On 16 May 1998, seven men arrived in Port Nolloth in a white minibus. That night, Mr Joaó Carlos Moutinho and Ms Vivian Lotz were shot dead in a house in Port Nolloth. Lotz was shot three times and Moutinho seven times. Moutinho's BMW was stolen along with other property including money from a safe. The word "cowboy" was scrawled in blood on the wall above the bed. Five men drove off in the stolen vehicle, while two waited in the minibus. The five occupants abandoned the vehicle midway to Steinkopf and were driven to Vanrhynsdorp where they reunited with their two companions. The appellant and six others were arrested and charged. Two accused died before trial. At trial, the second accused was acquitted of all charges, the first accused was convicted only of theft of the vehicle, while the appellant and the fourth and fifth accused were convicted of two counts of murder, robbery with aggravating circumstances, and theft. The defence evidence suggested the visit was to sell diamonds to Moutinho, an illegal diamond dealer. The trial court accepted it was reasonably possible the accused had no common purpose to commit murder and robbery when they arrived at the house.
The appeal against the convictions on charges 1 and 2 (murder) and charge 3 (robbery with aggravating circumstances) was upheld and those convictions and sentences were set aside. The appeal against the conviction and sentence on charge 4 (theft) was dismissed. The sentence of five years' imprisonment for theft remained.
The binding legal principles established are: (1) Under section 174 of the Criminal Procedure Act, an accused may not be discharged if there is evidence upon which a reasonable person might convict, based on the totality of the prosecution evidence. (2) An accused person (whether represented or unrepresented) is constitutionally entitled to be discharged at the close of the prosecution case if there is no possibility of conviction other than through self-incrimination by entering the witness box. The failure to discharge in such circumstances breaches constitutional rights and will ordinarily vitiate a conviction based exclusively on self-incriminatory evidence. (3) This right arises from the constitutional protection of dignity and personal freedom (sections 10 and 12 of the Constitution) - a prosecution should not continue below the threshold of minimum evidence merely in expectation of self-incrimination, just as a prosecution should not commence without reasonable and probable cause. (4) A finding that one accused's evidence is reasonably possibly true regarding certain facts does not constitute proof beyond reasonable doubt of contrary facts concerning another accused. Proper logical reasoning is required when drawing inferences from accepted evidence.

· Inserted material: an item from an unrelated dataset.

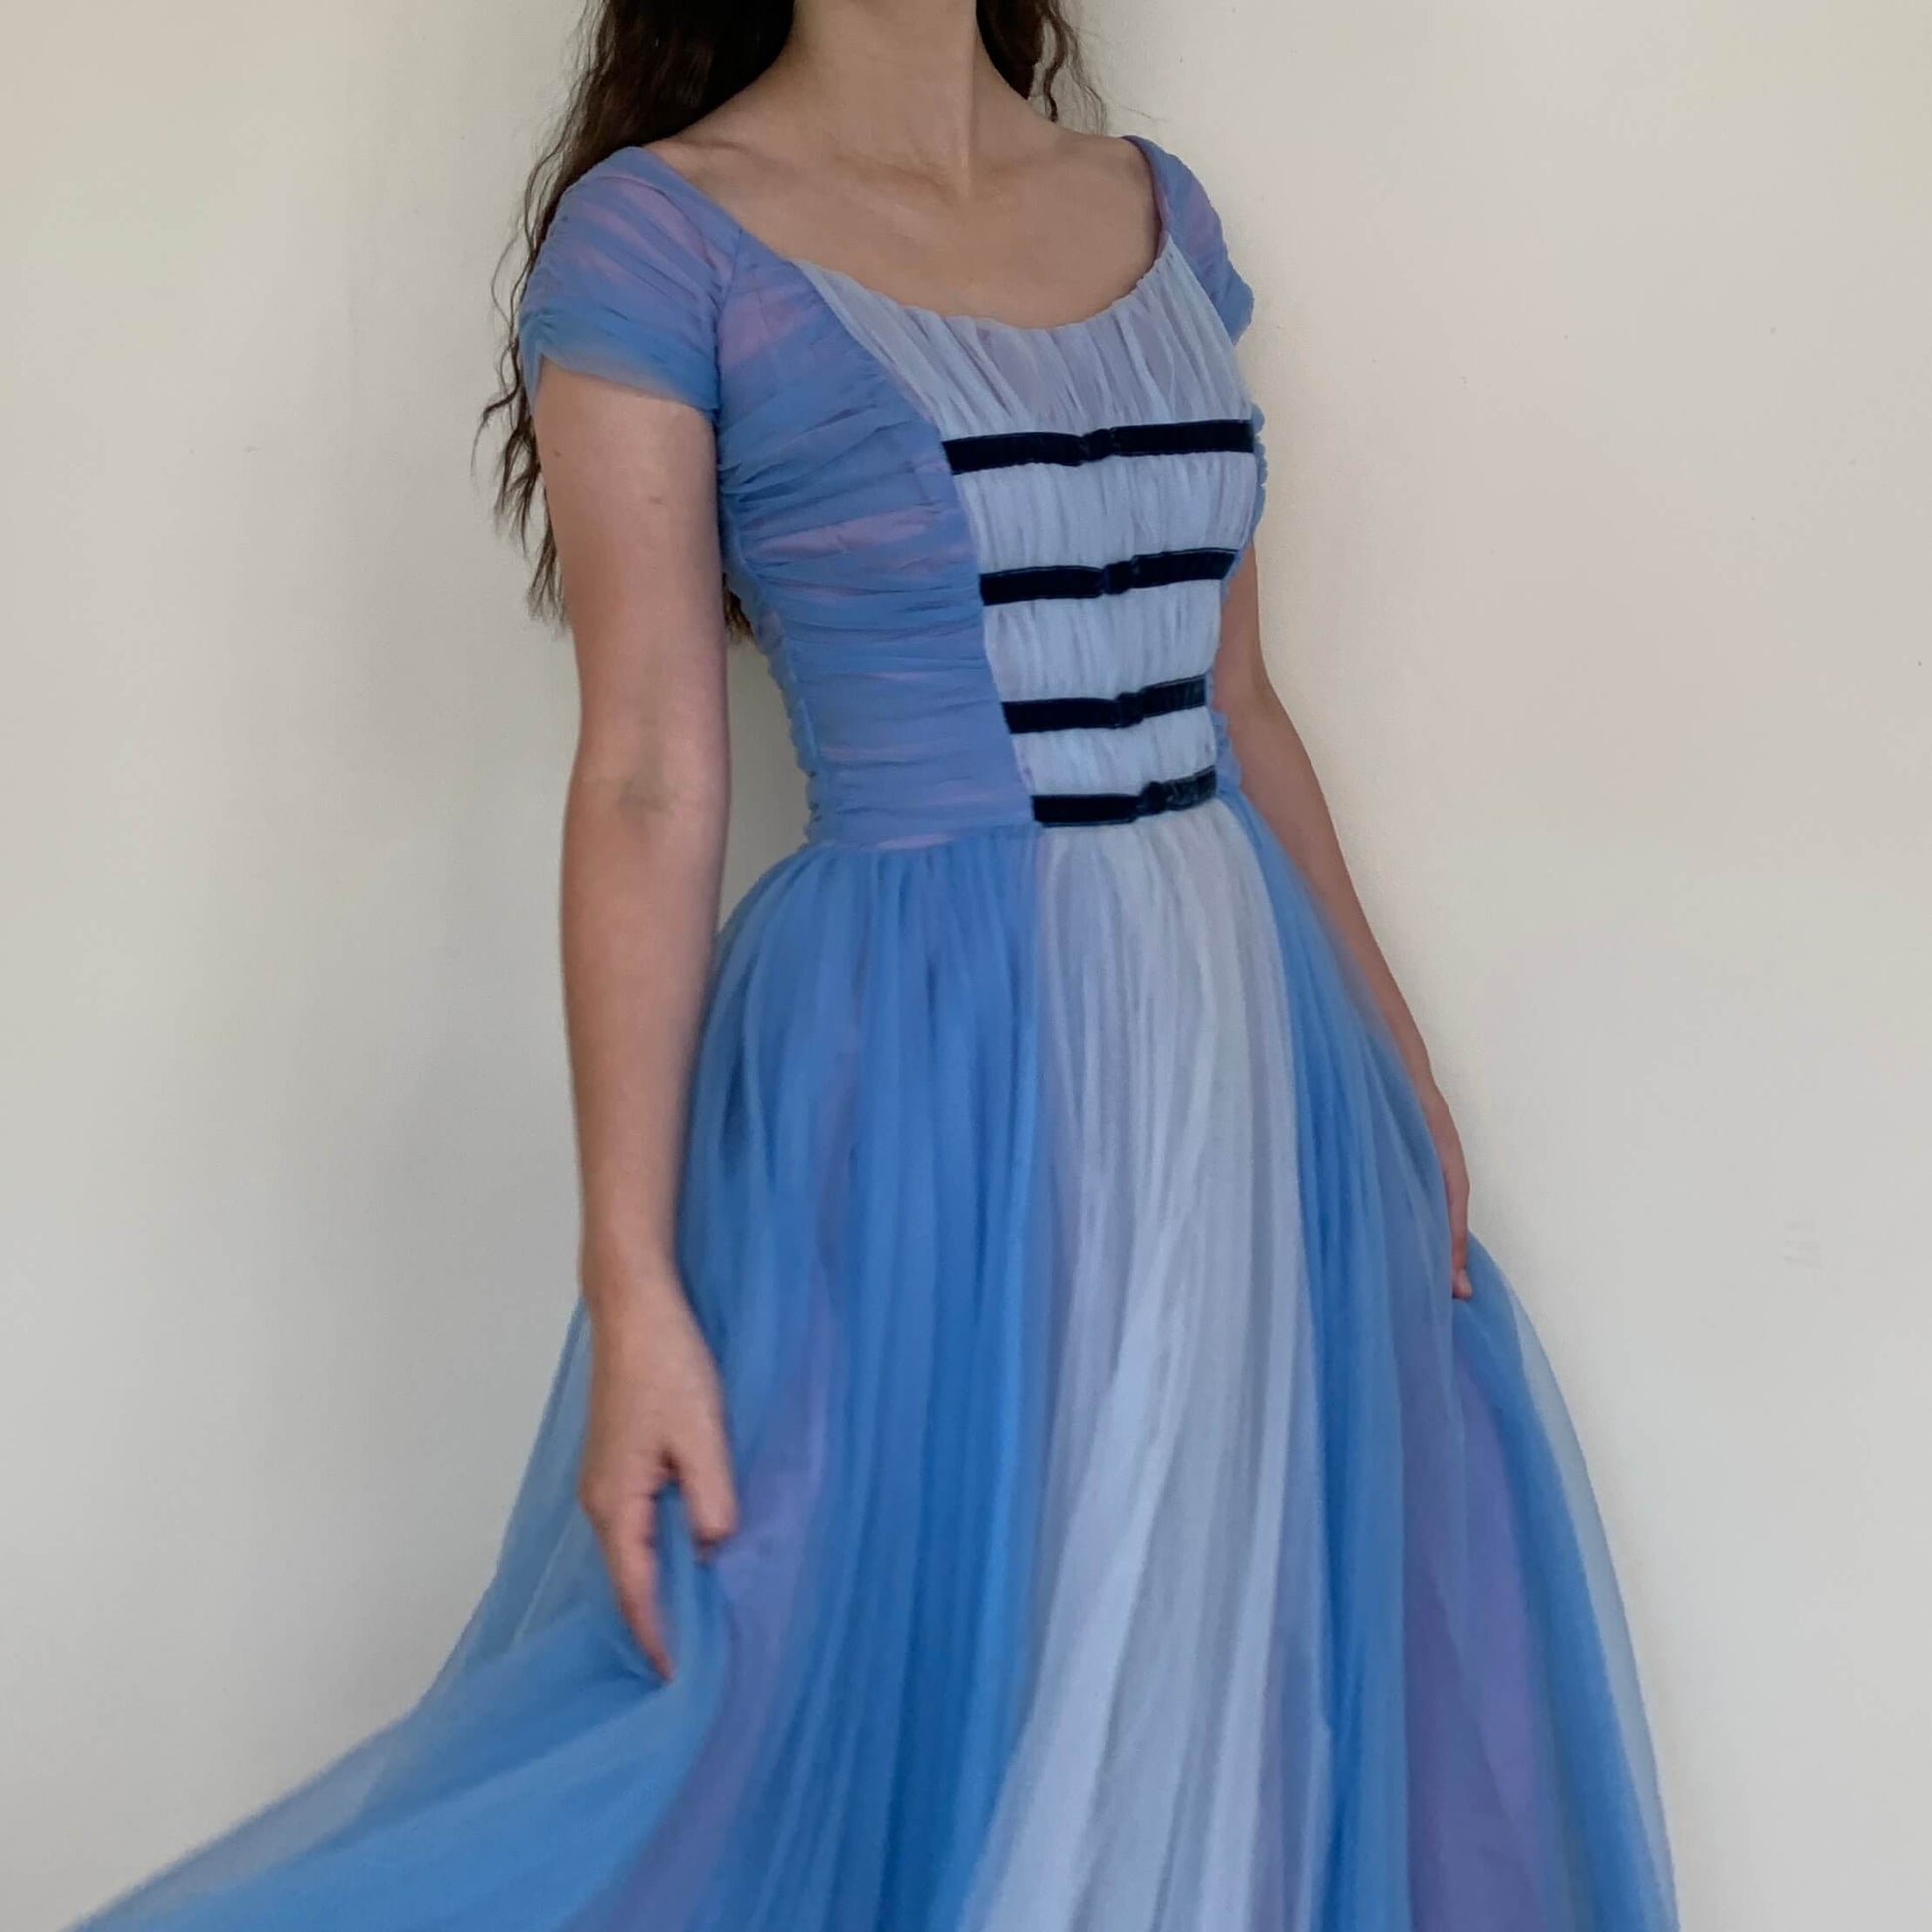 50s vintage tulle dress in blue with cap sleeves

The Court made several important non-binding observations: (1) Nugent AJA noted that the question of whether or in what circumstances a trial court should discharge an accused who might be incriminated by a co-accused cannot be answered in the abstract as circumstances vary. While there might be cases where it would be unfair not to discharge, there are circumstances where doing so would compromise the proper administration of justice. What constitutes a fair trial must be determined by particular circumstances. The Court deliberately did not resolve this issue as it did not arise on the facts. (2) The Court observed that to properly decide whether to close his case, an accused needs to accurately assess the weight of evidence and be sufficiently familiar with the burden of proof to appreciate he is not at risk if he fails to testify. Very few criminal defendants in South Africa (most of whom are unrepresented) are up to this task, highlighting the reality of criminal trials in the country. (3) The Court noted that while the prosecution is ordinarily entitled to rely on accomplice evidence, and it is not self-evident why it should be precluded from doing so merely because it prosecutes more than one person jointly, the caution required when evaluating accomplice evidence might at times render it futile to continue such a trial. (4) The Court expressed doubt about the simplistic view that an accused has only himself to blame if he gives incriminating evidence since "all he has to do is close his case", noting this ignores the reality of most criminal trials in South Africa.

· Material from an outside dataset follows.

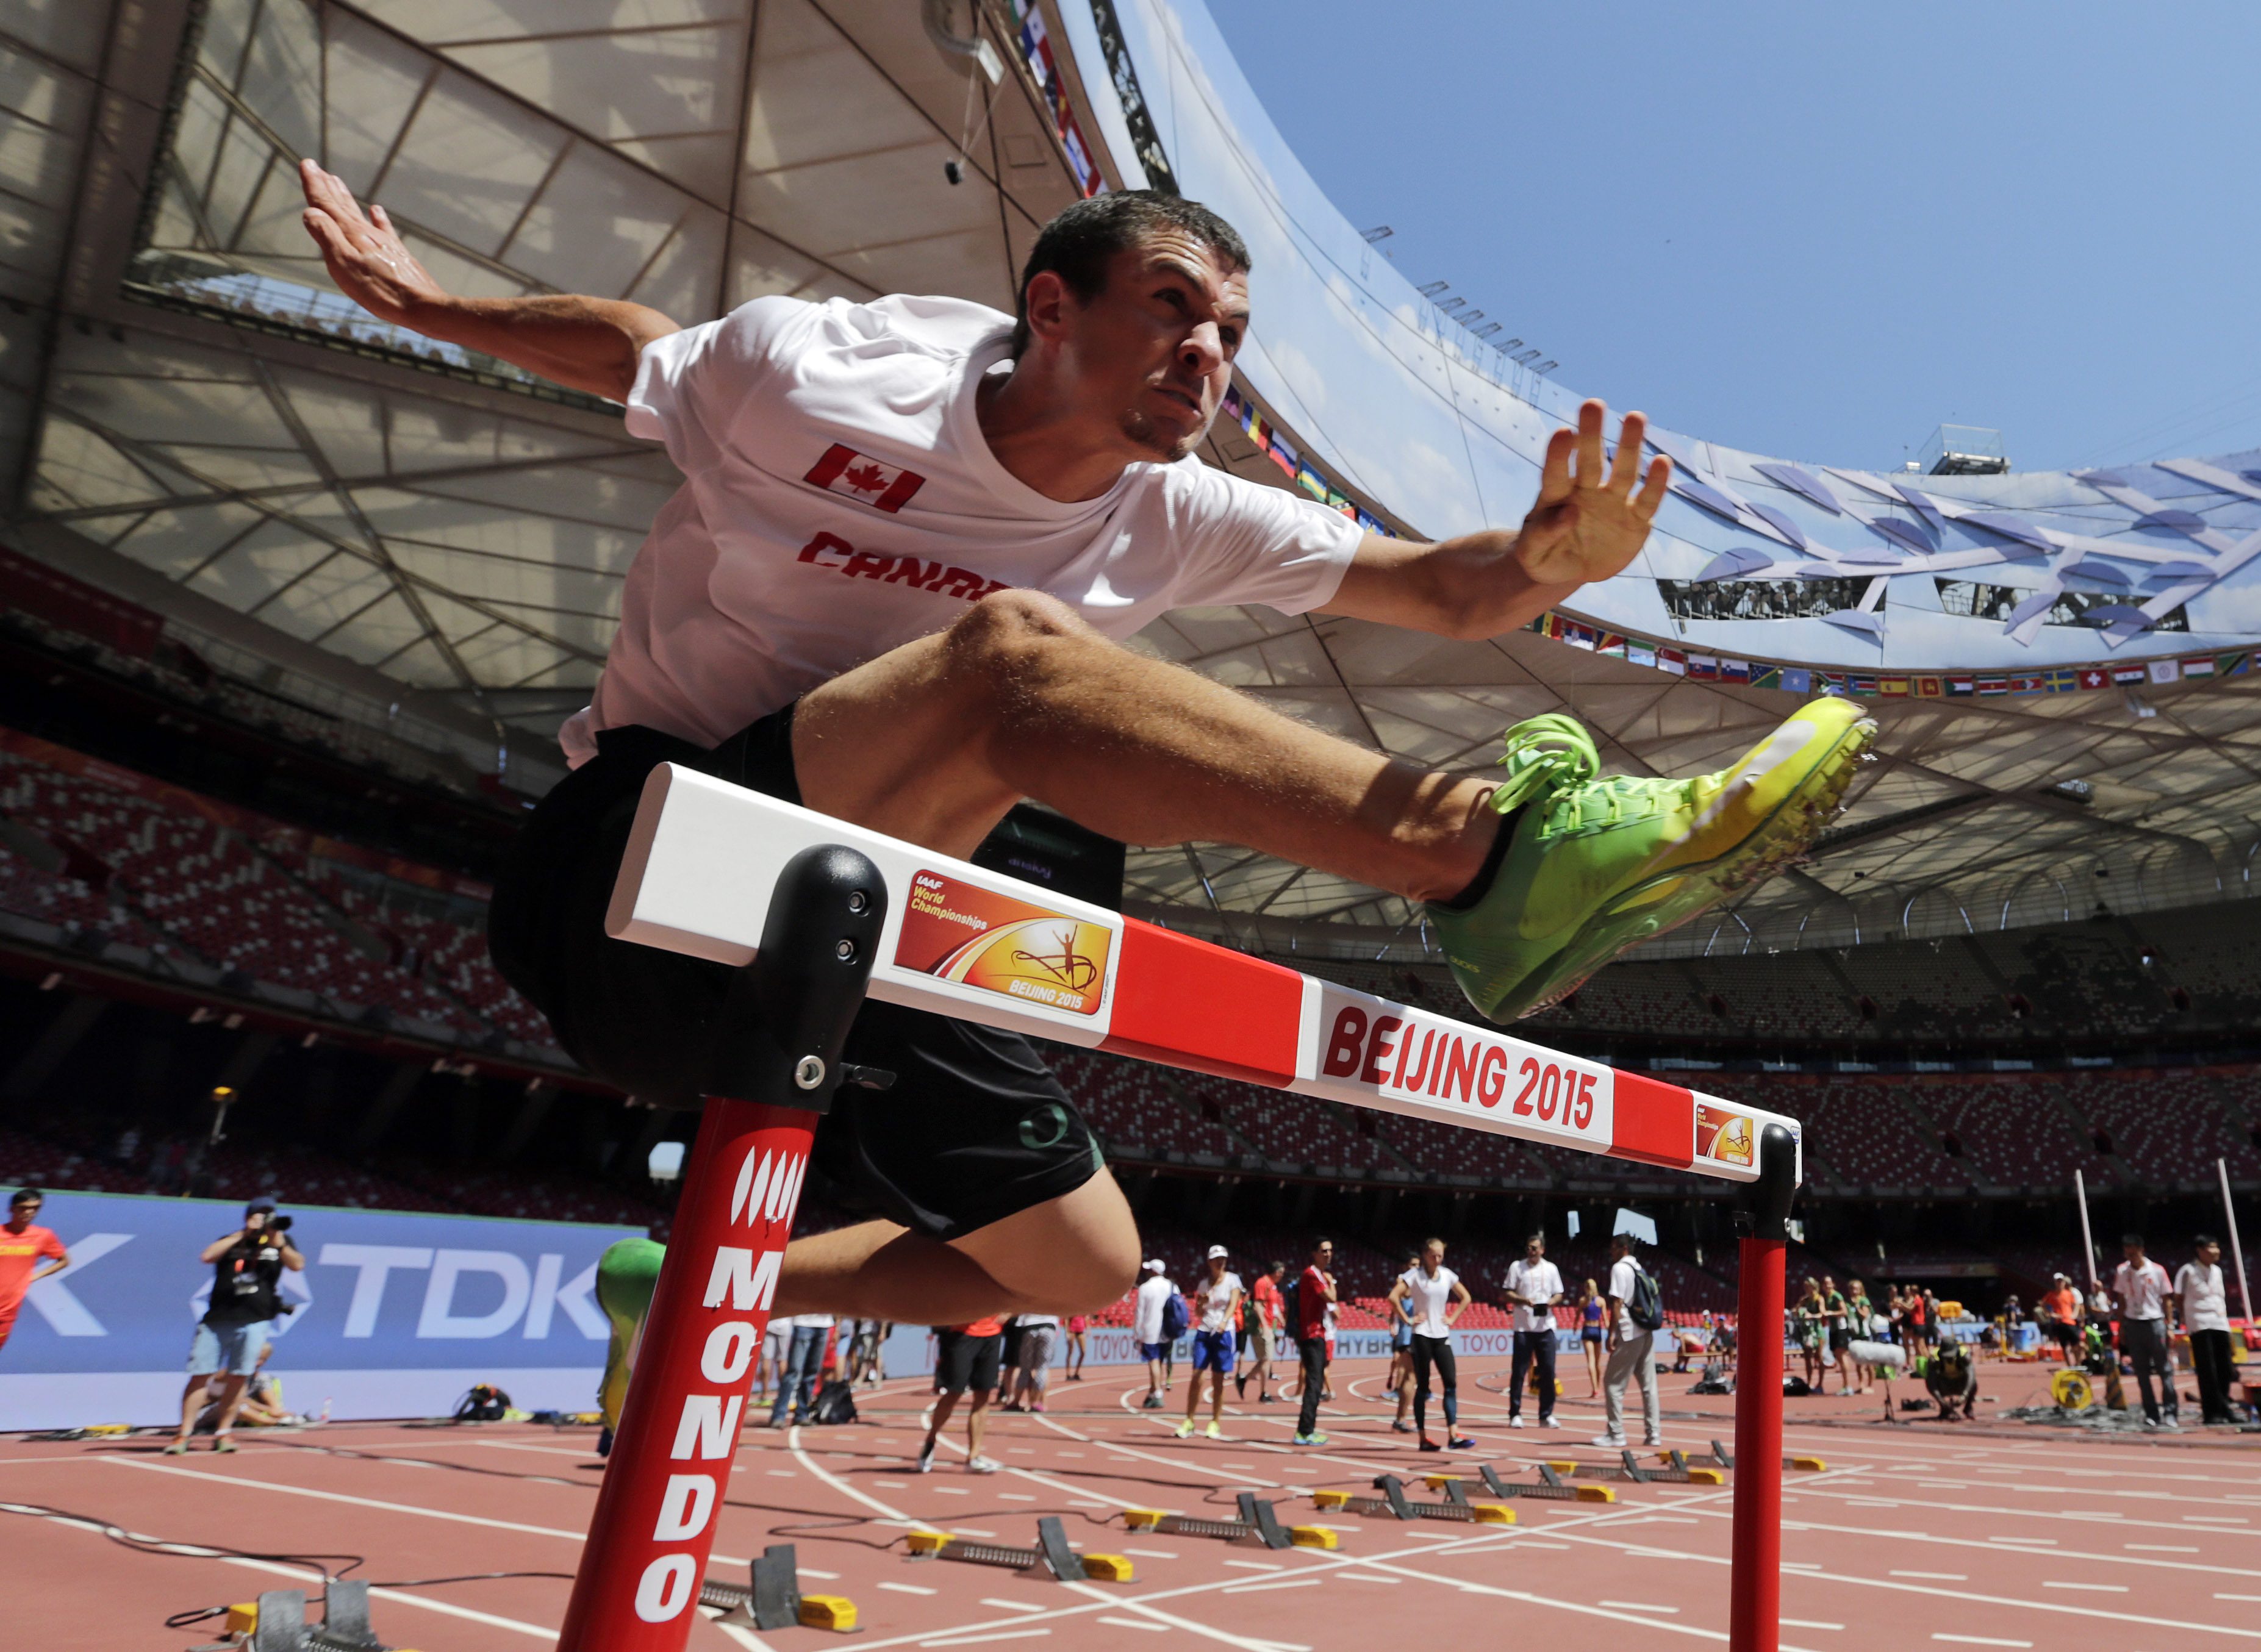 Canada's Johnathan Cabral clears a hurdle during a training session before the World Athletic Championships at the Bird's Nest stadium in Beijing, Friday, Aug. 21, 2015. (AP Photo/Andy Wong)

This case is significant in South African criminal procedure law for clarifying the constitutional dimensions of section 174 discharge applications. It establishes that: (1) An accused has a constitutional right to be discharged at the close of the prosecution case if conviction is only possible through self-incrimination, based on sections 10 and 12 of the Constitution (dignity and personal freedom) rather than solely burden of proof principles. (2) The duty to discharge in such circumstances extends to both represented and unrepresented accused and may require mero motu discharge by the court. (3) The case demonstrates the importance of proper fact-finding and logical reasoning when evaluating whether evidence establishes presence and participation in crimes. (4) It illustrates that acceptance of a reasonably possibly true explanation for one accused does not automatically prove facts concerning another accused. The judgment contributes to the ongoing debate about the test in S v Shuping regarding discharge applications, though it deliberately leaves open the question of whether an accused can be placed on defence in expectation of incrimination by a co-accused.